How can I auto-generate complex identifiers and ensure uniqueness?

How can I auto-generate complex identifiers and ensure uniqueness? - sql

I've been handed a very specific business requirement, and I'm having trouble translating it to work within our database.
We have multiple departments, who all deal with what we call files. Each file has a unique identifier, but how this identifier is assigned depends on the department that the file is associated with.
Departments ABC, DEF and GHI need the system to provide them with the next identifier following a pattern... while departments JKL and MNO need to be able to specify their own identifiers.
This is further compounded by the fact that the generated file numbers are semi complex. Their file numbers follow the pattern:
[a-z]{3,4}\d{2}-\d{4}
(A 3 or 4 letter prefix that corresponds to the department with two digits corresponding to the year, a dash followed by a four digit generated number - i.e. ABC13-0001)
The part before the dash is easy to generate... the file table has a mandatory foreign key reference to a department table that has the prefix column, and I can grab the year just as easily. it's the part after the dash that I can't seem to work out.
It's a four digit identifier. Each department needs the next generated ID to be as sequential to their department as possible (I say as sequential as possible, as I'm aware that even identity specifications can leave gaps). On top of that, we need to reset it back to 0001 each year. All of that, while ensuring that there are no duplicates, which is the most important part of all of this.
So, we only have one file table that is used by all of these departments. As such, to be able to handle JKL and MNO, I have the FileNumber field set to varchar(12) with a unique constraint. They can type in whatever they need, so long as it's unique. That just leaves me with how to generate the unique file numbers for the other departments.
My first instinct is to give the file table a surrogate identity primary key to make sure that, even if something goes wrong with the generated file number, that each record is guaranteed a unique identifier.
Then I would create a single row table that has two columns per department, one for a number and one for a date. The number would be the last used number for the 4 digit identifier suffix for a given department (as an int), and the date would be when it was assigned. Storing the date would let me check if the year has changed since the last id was pulled so that I can assign 1, instead of lastid + 1.
Then an insert trigger on the file table would generate the file id using:
The foreign key to the department table to get the department prefix
CONVERT(VARCHAR, YEAR( GETDATE() ) % 100) to pull the current two digit year
A select to the above described utility table to get the last id + 1 (or reseting to 1 if the current year differs from the year of the last updated date).
The trigger would finally update the utility table with the last used id and date.
In theory, I think that would work... and the unique constraint on the file id column would prevent an insert where the generated file id already exists. But it feels so brittle, and I can foresee that unique constraint being a double edged sword that would possibly prevent a department from creating a new file should the trigger fail to update the utility table. After all, if it doesn't, then the next time a file number is generated, it would try to use the same generated id, and fail. There must be a better way.
My other thought was to have a table per department with just an identity integer column and non-null date field with a default of (getdate())... and have the trigger on the file table insert a new row, and use that id. It would also be responsible for deleting all rows in the given department id table and reset the identity come the new year. It feels more secure to me, but then I have 5 utility tables (1 per department that auto-generate ids) with up to 9999 records, just to generate an id.
Am I missing something simple? Am I going about this the right way? I just can't help but think that there must be an easier way. Am I right to try to make the SQL server responsible for this, or should I try doing this in the desktop application that I will build on top of this database?
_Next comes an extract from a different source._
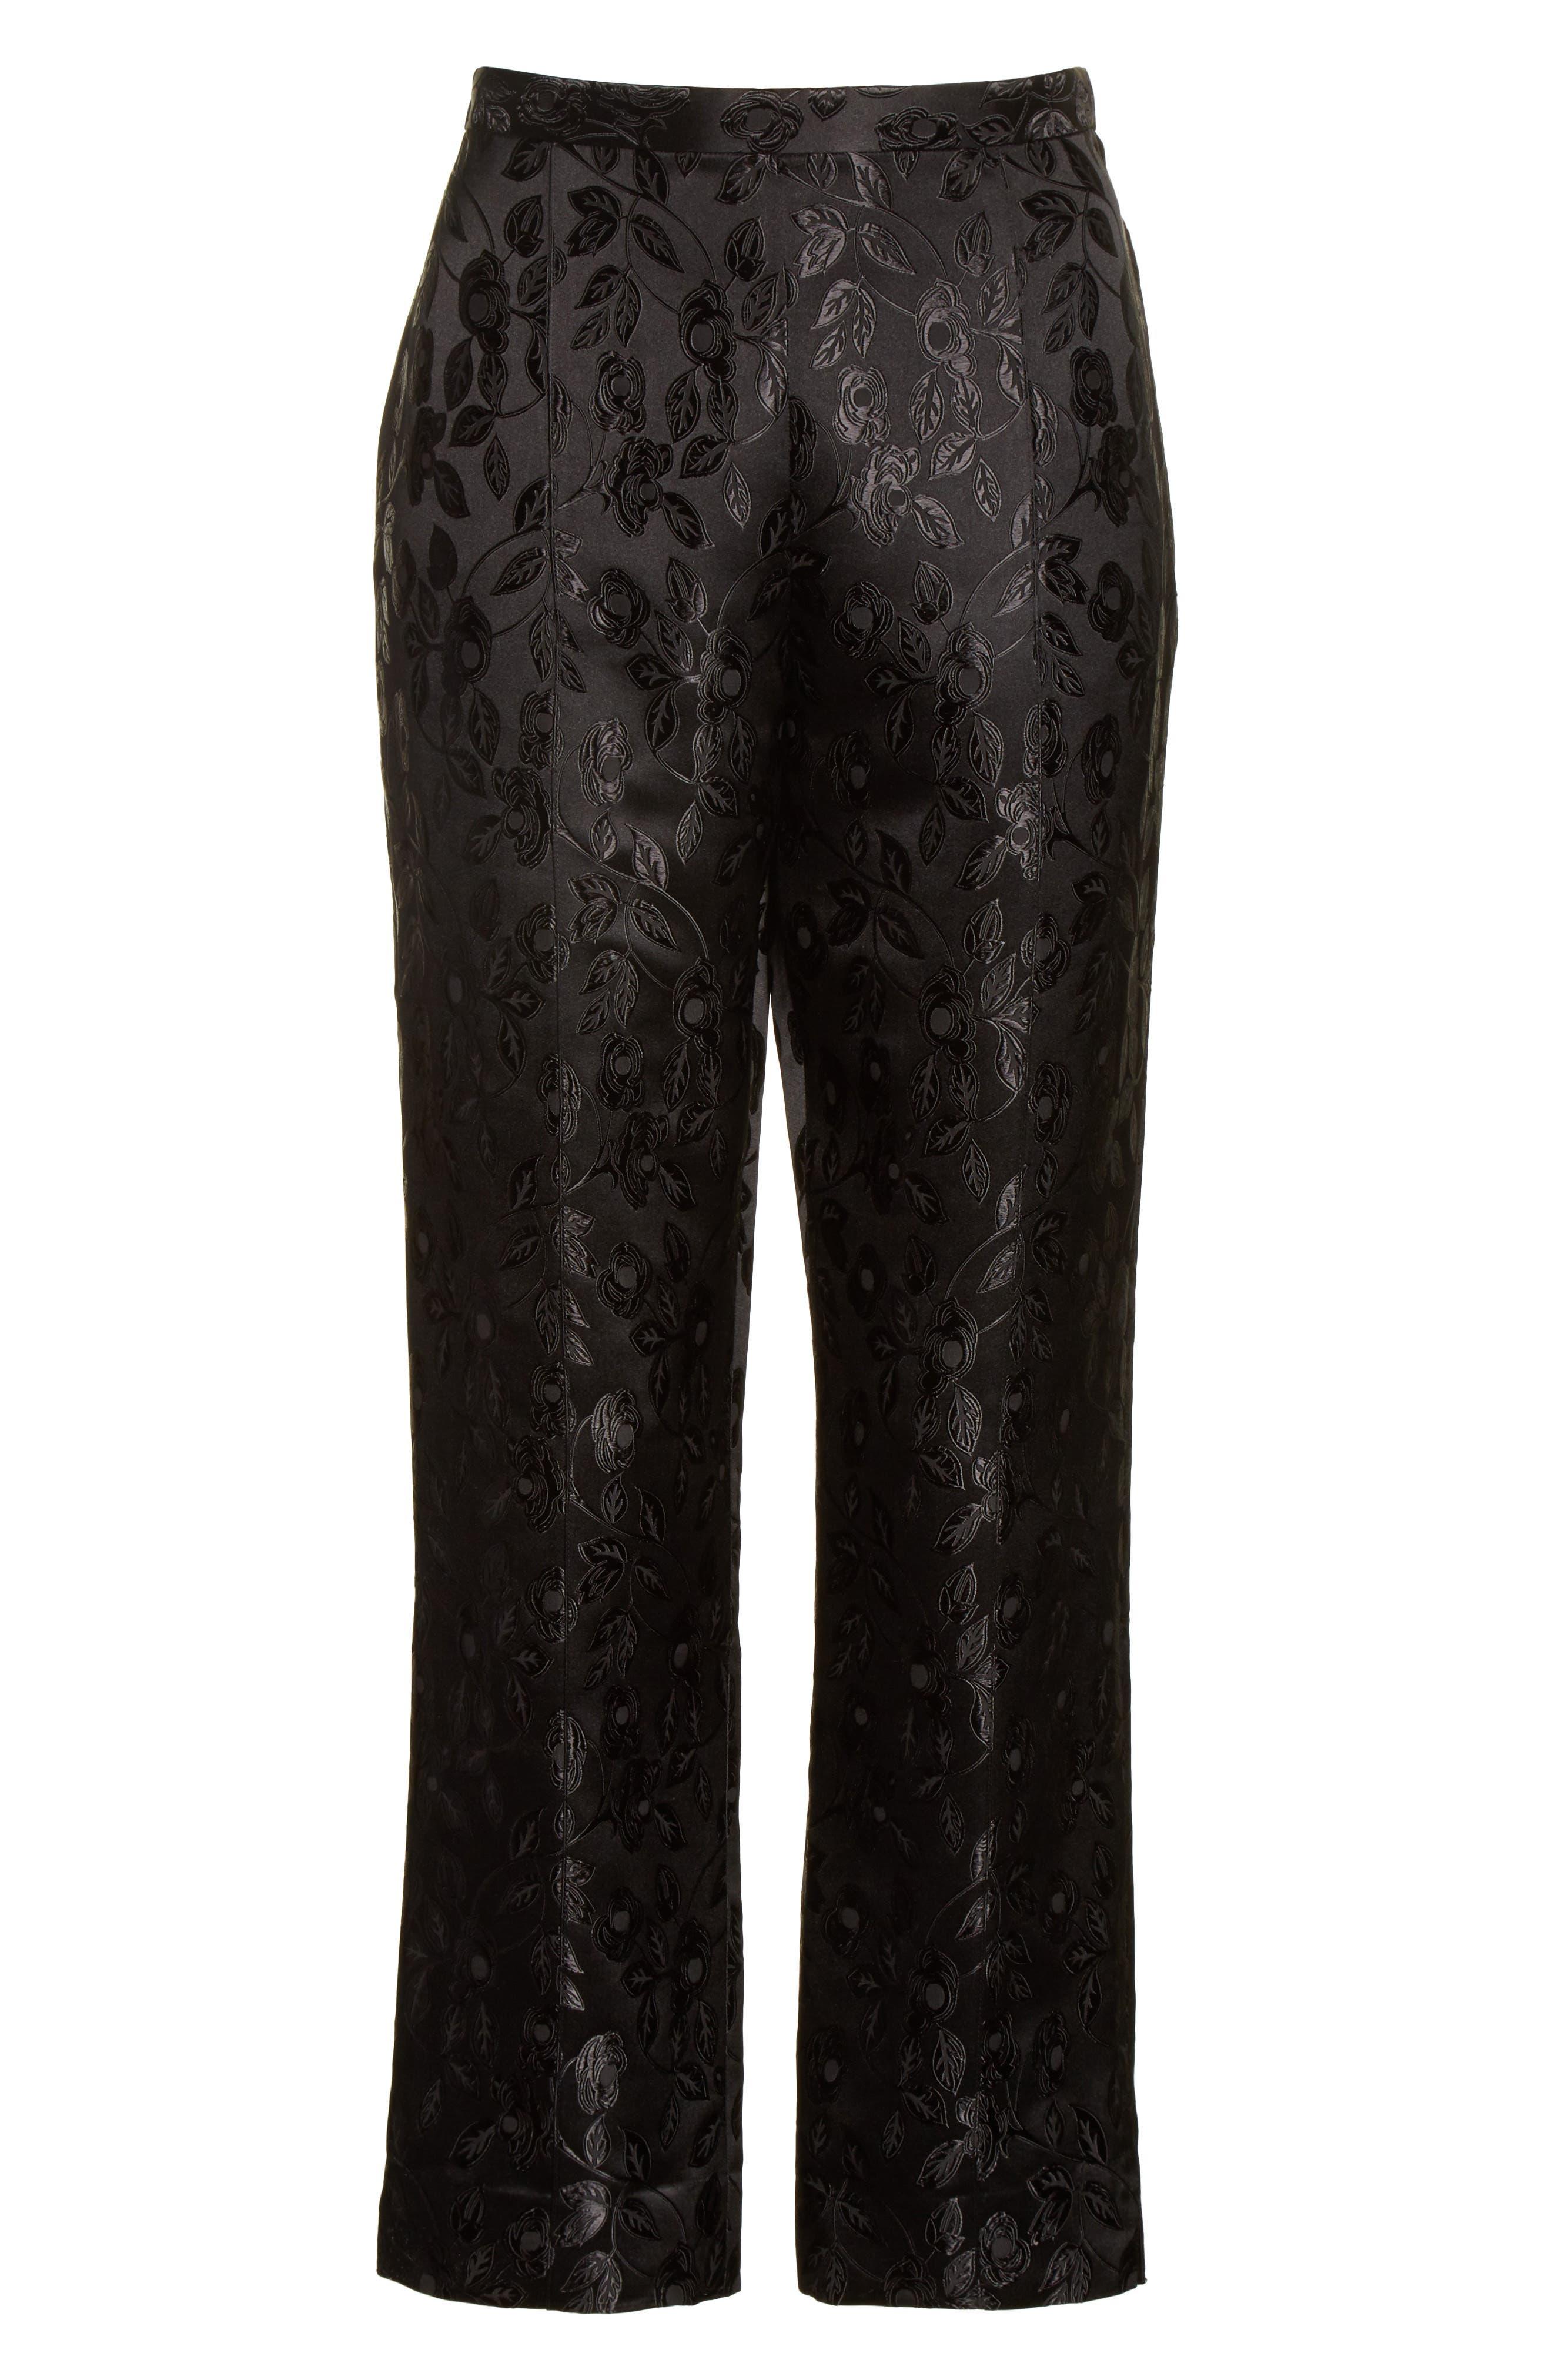 Jacquard Crop Pants,                             Alternate thumbnail 7, color,                             Black

So, I think it's possible you're overcomplicating this. It's also possible I'm misunderstanding the requirements. I don't believe you need separate tables or anything, you just need to check the existing IDs and increment them. SQLFiddle doesn't seem to be working right now, but here's a method I came up with in my local DB:
create table dept_ids (
id varchar(12) primary key
)
insert into dept_ids values('ABC13-0001')
insert into dept_ids values('DEF13-0001')
insert into dept_ids values('GHI13-0001')
insert into dept_ids values('JKL13-0001')
insert into dept_ids values('ABC13-0002')
declare
#dept varchar(4)
, #year varchar(2)
, #prefix varchar(8)
, #new_seq int
set #dept = 'ABC'
select #year = right(cast(DATEPART(yy, getdate()) as varchar(4)), 2)
set #prefix = #dept + #year + '-'
select #new_seq = isnull(right(max(id), 4), 0) + 1 from dept_ids where id like #prefix + '%'
select new_id = #prefix + right(replicate('0', 4) + cast(#new_seq as varchar(4)), 4)
This handles the different departments of course, as well as the year scenario by using getdate() and an ISNULL check. For the departments that can enter their own sequence values, you can just add a null check for that parameter and skip generating this value if it's present.
If I'm oversimplifying, feel free to let me know and I'll adjust.

Related

SQL Server - Reset custom identity column

I have a table with two columns ID and SubDetail. I have created custom identity like 2018XX for the ID columns with 2018 as current year and XX as a number and it will start from "01". I have searched for some topic about "Reset identity field - SQL Server" but It only showed how to reset only number identity field. I'm confused that is there anyway to reset custom identity field.
Here is my SQL query code:
CREATE PROCEDURE spAddSubWareHouse
(#SubDetail VARCHAR(50))
AS
BEGIN
DECLARE #maxDetailID INT
SELECT #maxDetailID = MAX(CAST(RIGHT(ID, 2) AS INT))
FROM SubWareHouse
IF (#maxDetailID IS NULL)
SET #maxDetailID = 1
ELSE
SET #maxDetailID += 1
--insert
INSERT INTO SubWareHouse
VALUES (CAST(YEAR(GETDATE()) AS VARCHAR) + RIGHT('00' + CAST(#maxDetailID AS VARCHAR), 2), #SubDetail)
END

Don't bother doing this. Simply have a numeric identity column defined as:
id int identity(1, 1) primary key
You can then store the year as a separate column, because that appears to be information that you want.
Why do it this way? There are many reasons. First, identity is built into the database. So, identity columns are guaranteed to be unique even when multiple applications are doing inserts at the same time.
Second, integers are more efficient (slightly) for foreign key references.
Third, the locking required to do what you really want is very cumbersome and could significantly slow down your system. Plus, any implementation to prevent duplicates could have a bug -- so why not use the built-in mechanisms?
If you need to get the sequence number for a given year, it is easy enough using row_number():
select row_number() over (partition by year order by id) as year_sequence_number

Adding Row in existing table (SQL Server 2005)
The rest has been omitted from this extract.